China Makes It Clear Who’s the Boss of Hong Kong

    Robert Keatley

    Security, Asia

    Chinese President Xi Jinping makes a toast at the beginning of the welcoming banquet at the Great Hall of the People during the first day of the Belt and Road Forum in Beijing, China, May 14, 2017. REUTERS/Damir Sagolj TPX IMAGES OF THE DAY

    When Britian handed Hong Kong back to China, universal suffrage when electing executive and legislative officials was a stated goal- it didn’t happen.K

    For the past twenty years—with one exception—Hong Kong’s pro-democracy activists have held peaceful July 1 demonstrations in the island’s Victoria Park and nearby streets. These annual demonstrations remind Beijing that activists want more political rights and are held on the anniversary of when the former British colony officially became an autonomous piece of China back in 1997.

    That one exception of no protests, came at a predictable time last year when China’s President and Communist Party leader Xi Jinping was in town to mark the twentieth anniversary of the mainland’s recovery of sovereignty over Hong Kong. Local government officials didn’t want their boss embarrassed by noisy demonstrators chanting opposition to some of the rules he has imposed upon them and so instead they gave permits only to party loyalists, who held their own demonstration.

    This year will bring exception number two. Although pro-democracy organizers sought the needed (and generally routine) permits last December, they recently learned the park’s six soccer pitches are again off limits. Instead, some forty pro-Beijing groups were given the right to hold a “charity” event July 1 to mark the twenty first anniversary of Britain’s handover of Hong Kong, even though political groups by law aren’t supposed to run charities. The official if dubious reason is that neighborhood residents “demanded” that “celebratory” activities be organized to mark the end of colonial rule, rather than have the park host another noisy gathering of the politically discontent. Though 2018 will see another pro-democracy demonstration, it will have a less desirable venue and almost certainly will draw fewer marchers than in previous years.
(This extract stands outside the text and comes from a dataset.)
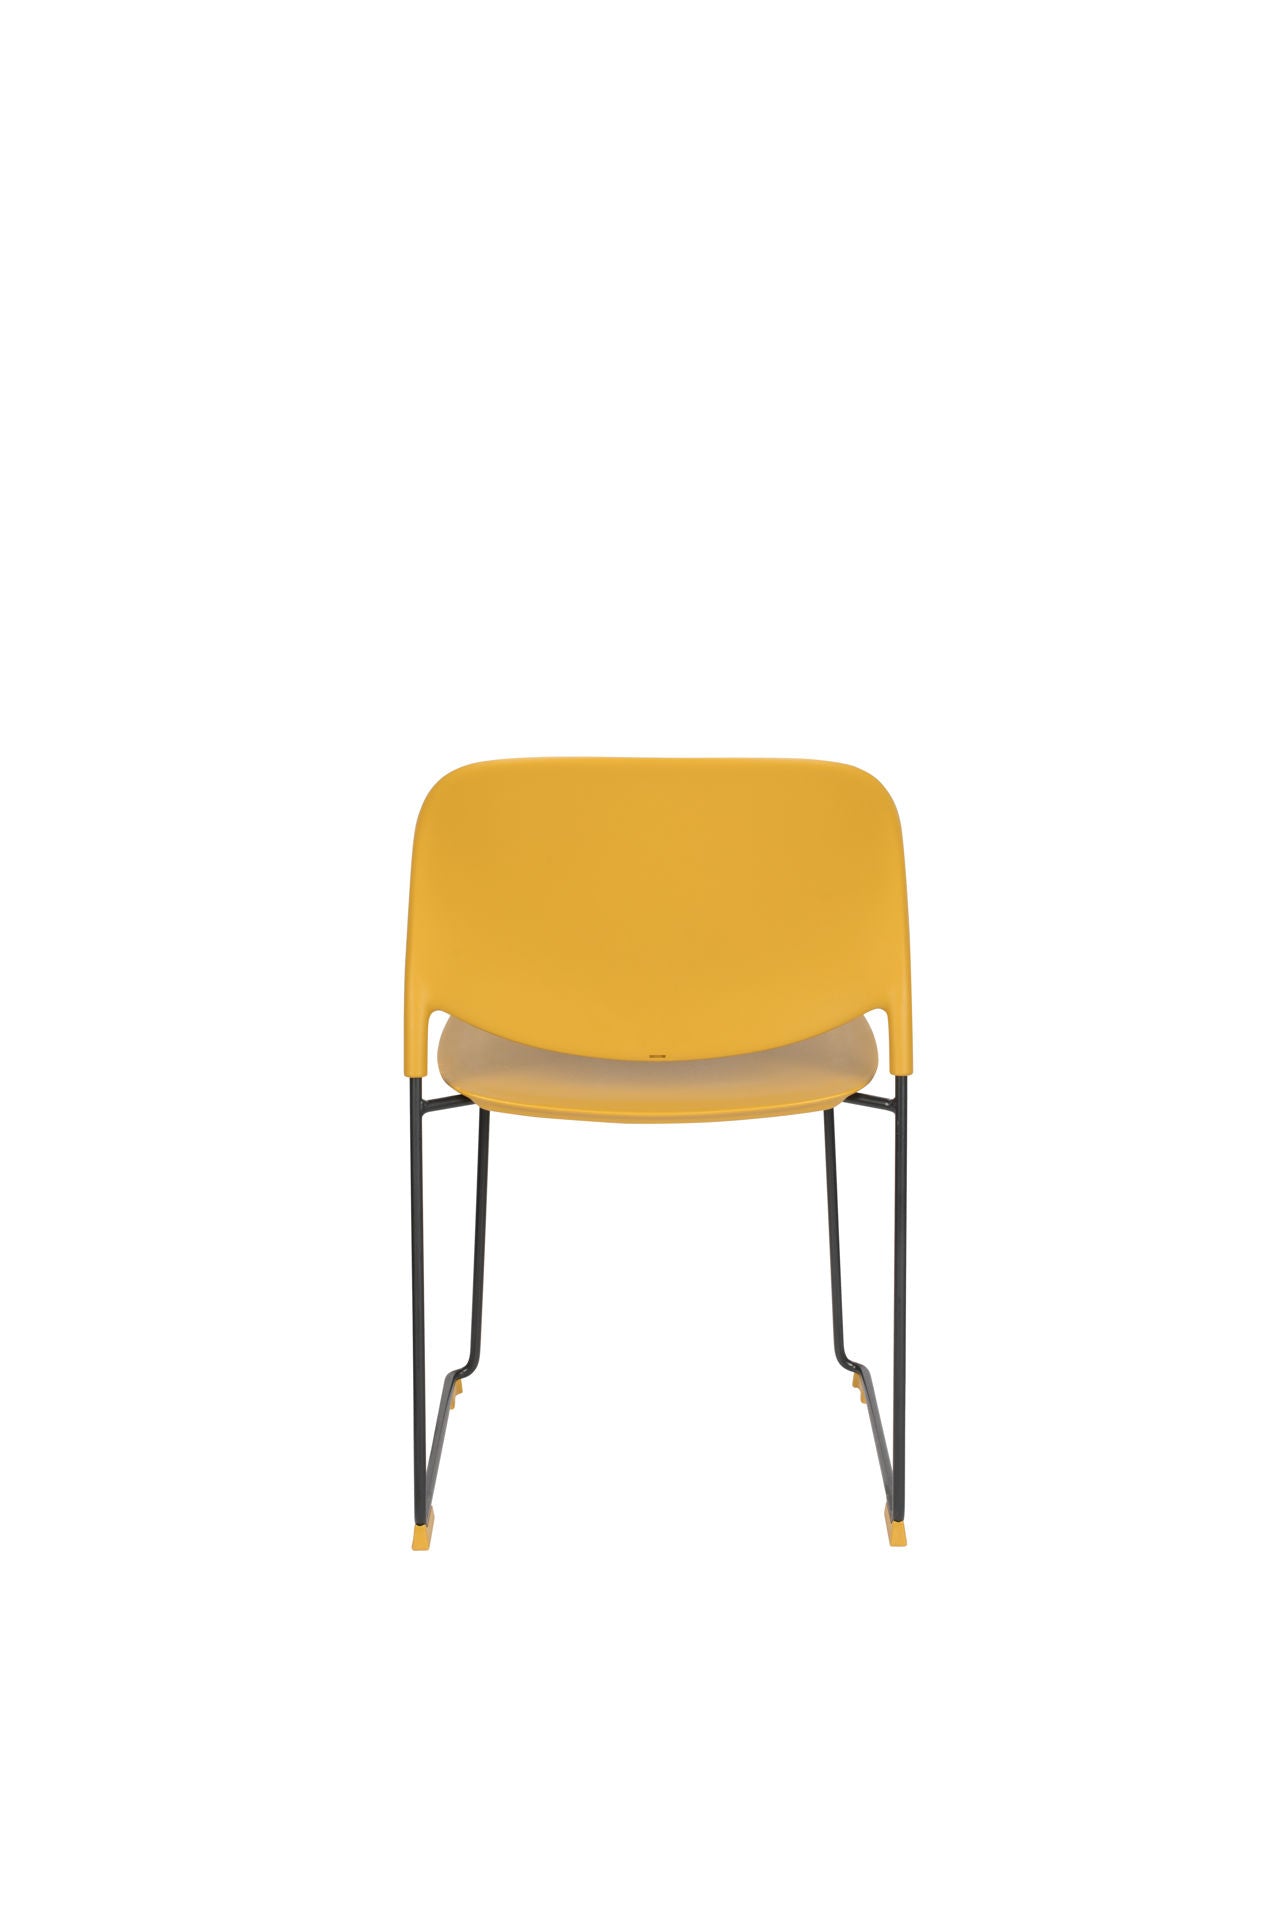 Nancy's North Madison Chair - Retro - Ochrrre, Zwart - Polypropyleen, Staal, Kunststof - 52,5 cm x 48,5 cm x 80 cm

    The July 1 protest will also follow an annual commemoration in Hong Kong of the June 4, 1989 massacre near Beijing’s Tiananmen Square, when a thousand or more youthful demonstrators were gunned down by the Chinese army. But this year’s gathering will continue a downward trend of its crowd size; Hong Kongers below middle age have no memory of the Beijing event, and local student groups—dismayed by the failure of their own Occupy Central protest three years ago to bring political gains—have decided to stay away this time.